Courts of Appeals Decisions

  • Bello v. Tarrant County et al., No. 02-09-00462-CV (Second Court of Appeals – Fort Worth) -
    (December 9, 2010)

    This case involves an appeal in a delinquent tax suit. The trial court entered judgment in favor of the taxing entities and the property owner appealed. In addressing one of several grounds raised on appeal, the appellate court affirmed that service of citation by publication may be authorized in delinquent tax suits.

  • Sections 42.01 and 42.21
    Bexar Appraisal District v. American Opportunity for Housing–Perrin Oaks, L.L.C., No. 04-10-00278-CV (Fourth Court of Appeals — San Antonio)
    -
    (December 8, 2010)

    This case involves an appeal from a denial of a plea to the jurisdiction in a suit relating to a tax exemption. In its opinion, the appellate court provided the following background:

    Perrin Oaks I, Ltd. (Perrin, Ltd.) is the record owner of a housing development project known as Paseo Pointe Apartments (the Apartments). Perrin, Ltd. is a limited partnership comprised of: (1) Perrin Oaks, Inc. (Perrin, Inc.), the sole general partner; and (2) American Opportunity for Housing, Inc. (Housing, Inc.), the sole limited partner. Housing, Inc. is also the sole shareholder of AOP. AOP claims that in 2007, Housing, Inc. and AOP entered into an Assignment and Merger Agreement that merged Perrin, Ltd. into AOP. As a consequence, AOP argues that it is the property owner of the Apartments. BCAD disputes the effect of the merger.

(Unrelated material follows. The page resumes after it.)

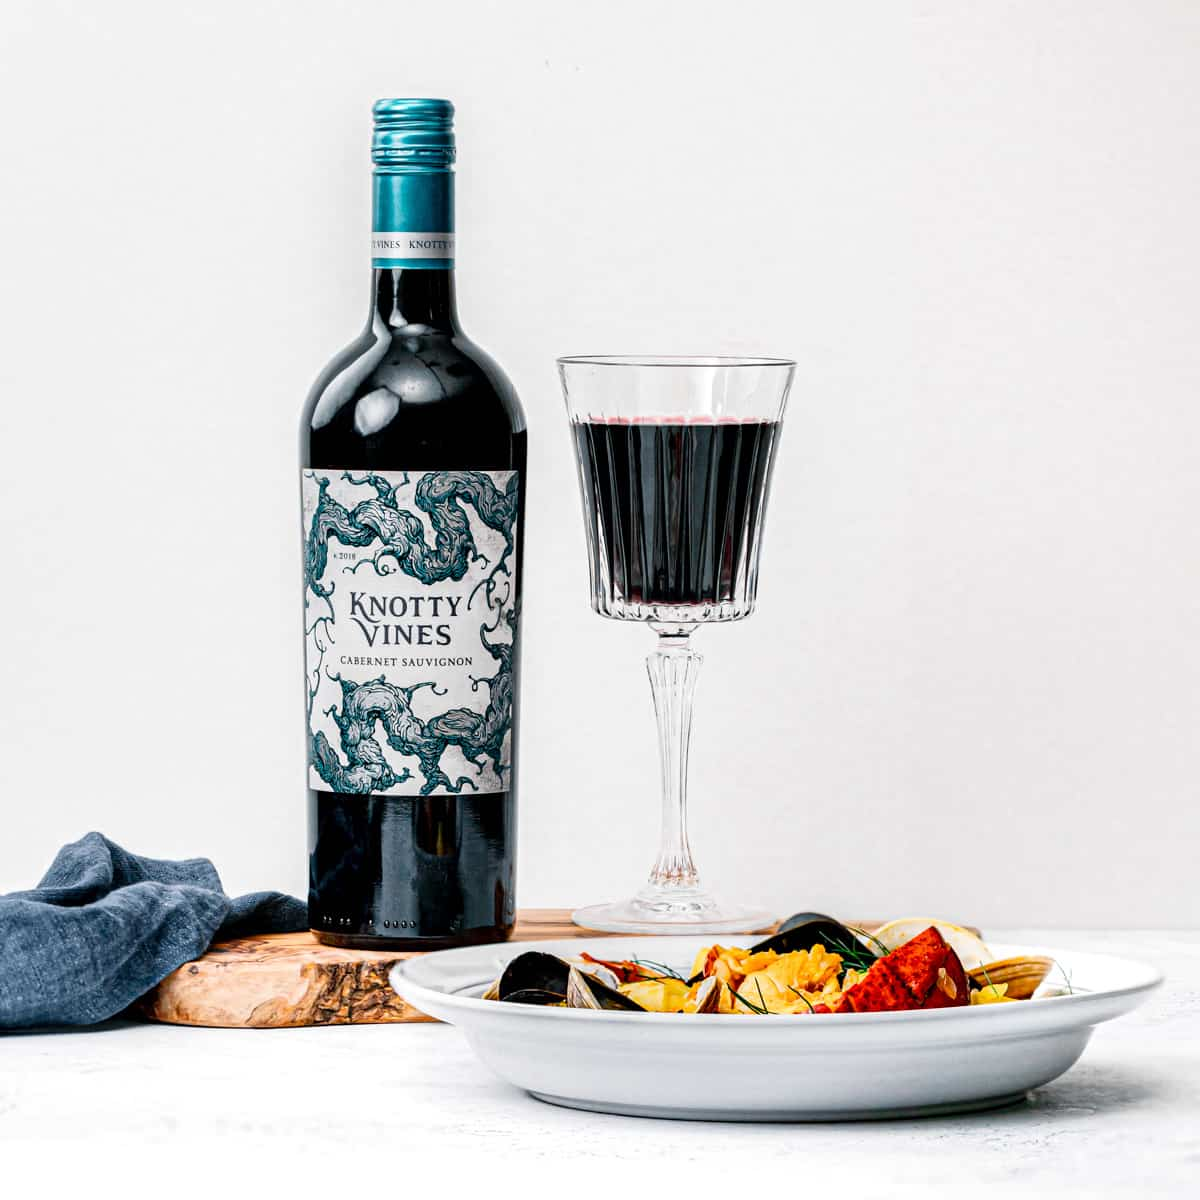 Knotty Vines Cabernet Savignon with Boullabaisse.
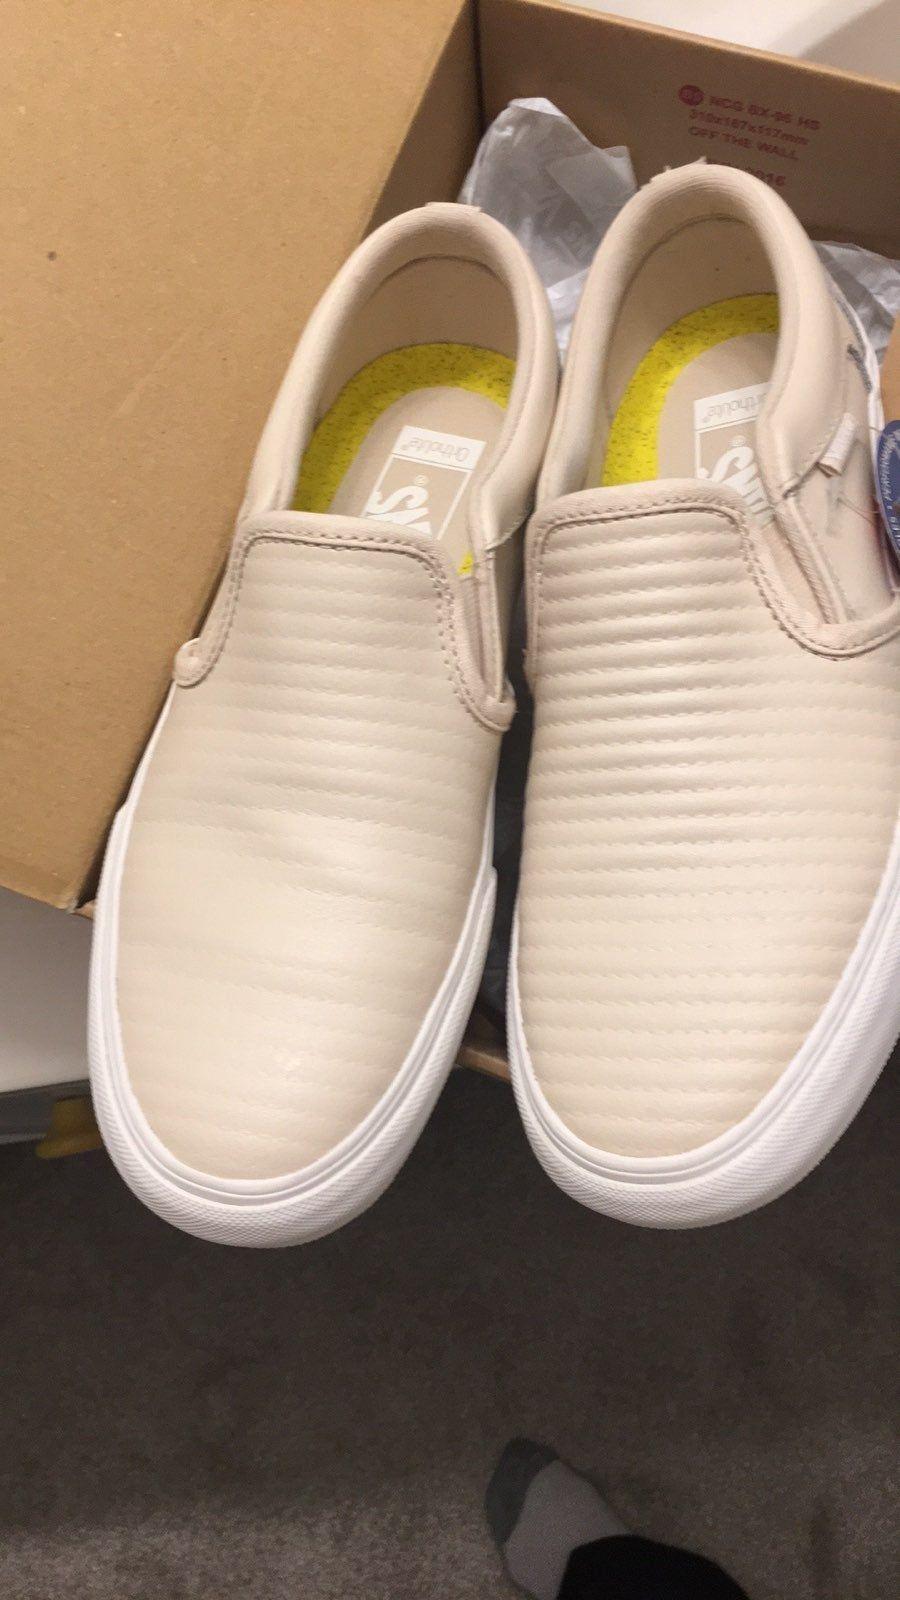 Vans ortholite slip On sneakers cream

    Believing that it qualified for a charitable housing development organization exemption for the Apartments for 2008, AOP “attempted to make” an application for an exemption to BCAD. BCAD, however, required the application to be in the name of Perrin, Ltd., the record owner of the Apartments. Consequently, Perrin, Ltd. filed an application with BCAD for the exemption, which BCAD denied due to Perrin, Ltd.’s failure to provide the required affordable housing. Perrin, Ltd. protested this decision to BCAD’s appraisal review board, which agreed that Perrin, Ltd. was not entitled to the exemption.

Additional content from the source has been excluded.